1830 – публикация «Басаврюка» в журнале «Отечественные записки».
1831 – I часть «Вечеров на хуторе близ Диканьки»
1832 – II часть «Вечеров…» Оглушительный успех. Сам Гоголь писал, что в типографии за его спиной смеялись факторы (ответственные за набор) – такими забавными этим простым людям показались его истории. (Набоков считает, что это Гоголь тоже сочинил – «Вечера» хороши, но нельзя сказать, что уж очень смешны).
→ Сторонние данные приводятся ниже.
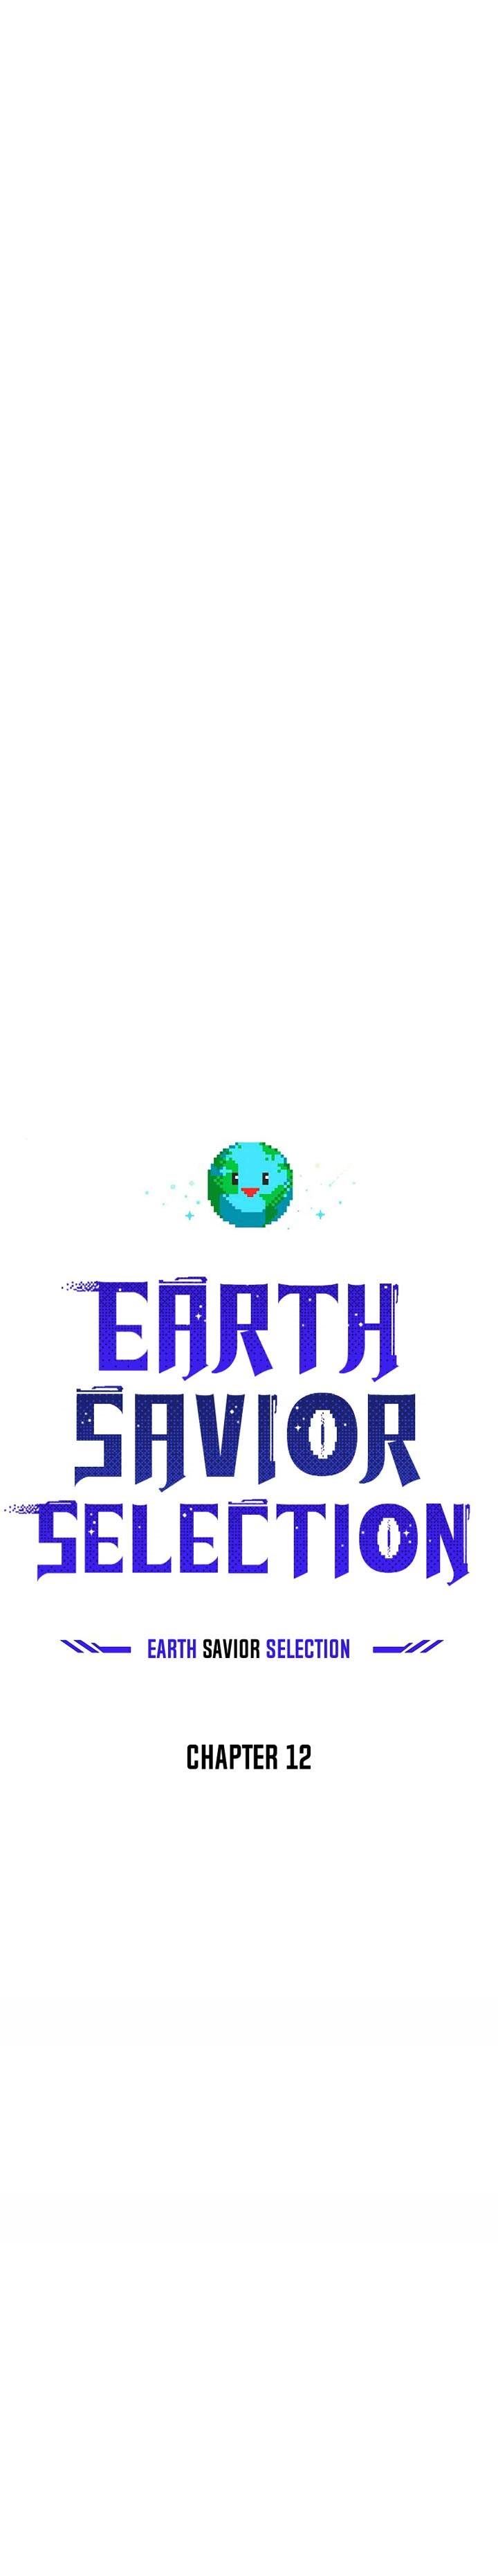 The Earth Savior Selection Chapter 12

Жизнь Гоголя резко изменилась. Пушкин и Жуковский стали его друзьями (а Николаю Васильевичу только 21 – 23 года, он же еще мальчишка). Сам себя он постепенно стал считать писателем России №2 – после Пушкина. При этом Гоголь полагал, что писатель – это некий духовный вождь нации, указывающий всем и каждому истинный путь. Пока такая ответственность лежит на Пушкине, сам Гоголь может жить и писать относительно спокойно – не он за все в ответе… В это время странности Гоголя, которые позже станут мучительными и болезненными, выливаются более в шуточки и розыгрыши. Его взрослые друзья смотрели на вещи практичнее: хоть Гоголь и гений, но жить-то ему на что-то надо. Учить олигофрена – явно не его уровень. И Гоголя пристраивают на кафедру истории Санкт-Петербургского университета (в должности адъюнкт-профессора – помощника профессора).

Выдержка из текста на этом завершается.